In addition to the semi-autonomous ability to decide its own targets, the Brimstone has the capacity to determine where on a target to best impact causing the most damage.
The missile's advanced sensor package includes its extremely high frequency millimetric wave radar, which allows the weapon to image the target and hence choose a target location. With as many as twenty-four missiles in the air, the missile's targeting system also required an algorithm to ensure that missiles hit their targets in a staggered order, rather than all simultaneously.

Brimstone can be fired in a number of attack profiles; direct or indirect against single targets, a column of targets or against an array of targets. The latter utilises a salvo attack capability for
multiple kills per engagement. Once launched, the platform is free to manoeuvre away from the target area or engage other targets.

===Launch system===

Each launch system carries three missiles on rails. This allows a single aircraft to carry large numbers of missiles; for example, a Typhoon fighter could carry up to six launch systems, which gives a maximum payload of eighteen Brimstone missiles, in addition to a useful air-to-air payload. The missile was carried by the Tornado GR4 aircraft in RAF service.
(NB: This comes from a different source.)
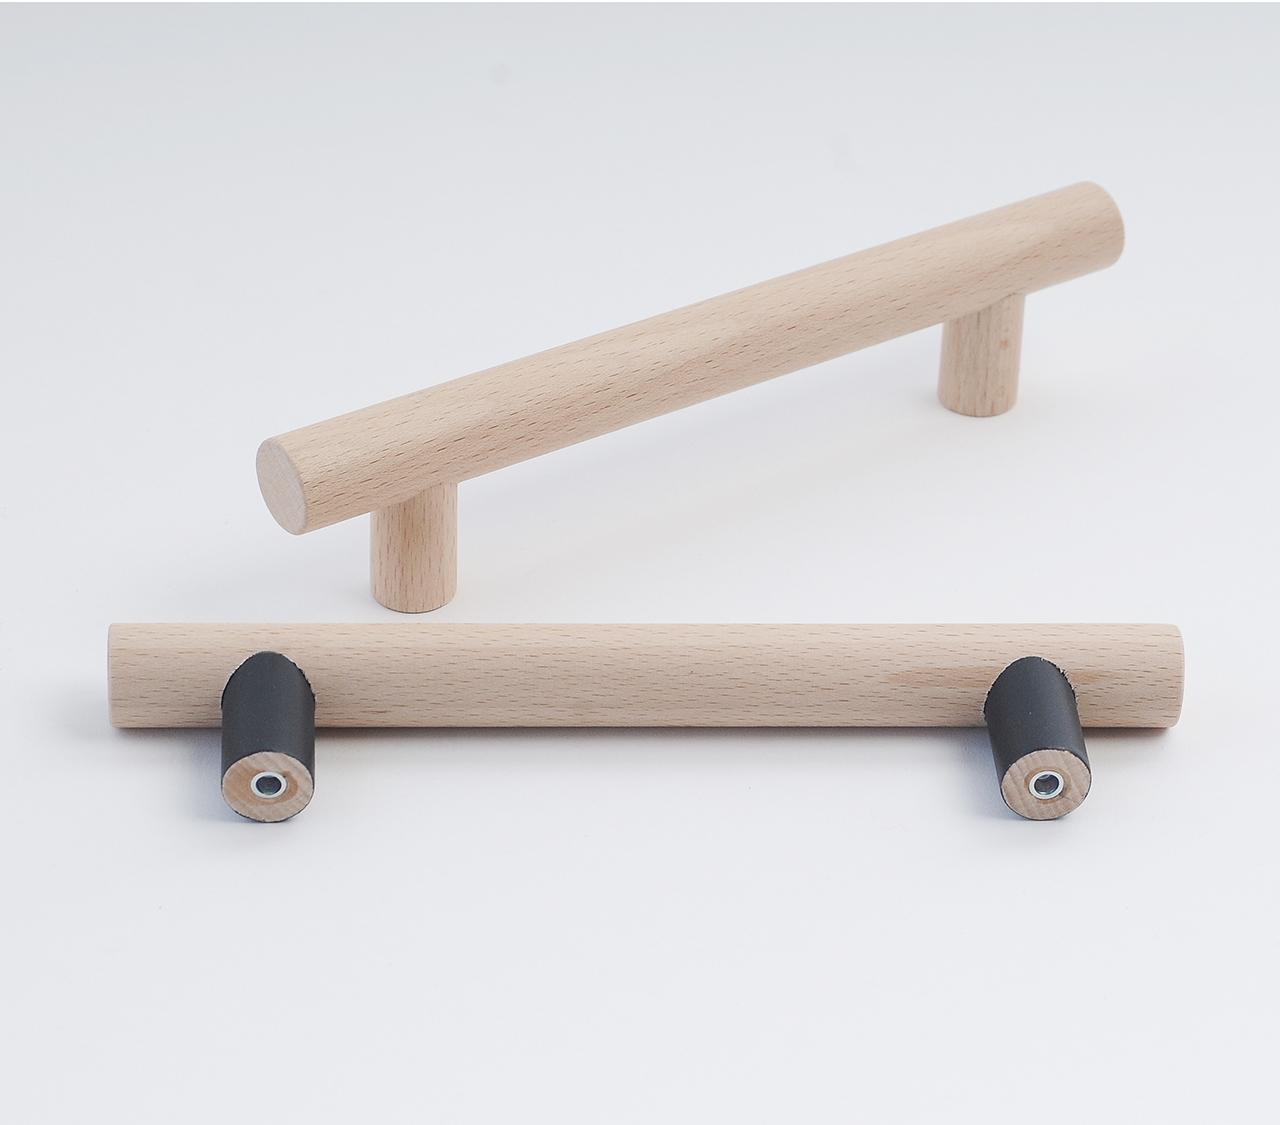 chair design with handle lexor spa furniture handles

In February 2014 the National Audit Office warned of a possible capability gap under existing plans to fit Brimstone to Typhoon in 2021, two years after the Tornado retired; in June 2014 the MoD announced a study to accelerate this to 2018 and look at a common launcher that could also launch SPEAR Cap 3. MBDA has fired test rounds from an MQ-9 Reaper drone and is studying the use of Brimstone on attack helicopters and from surface launchers.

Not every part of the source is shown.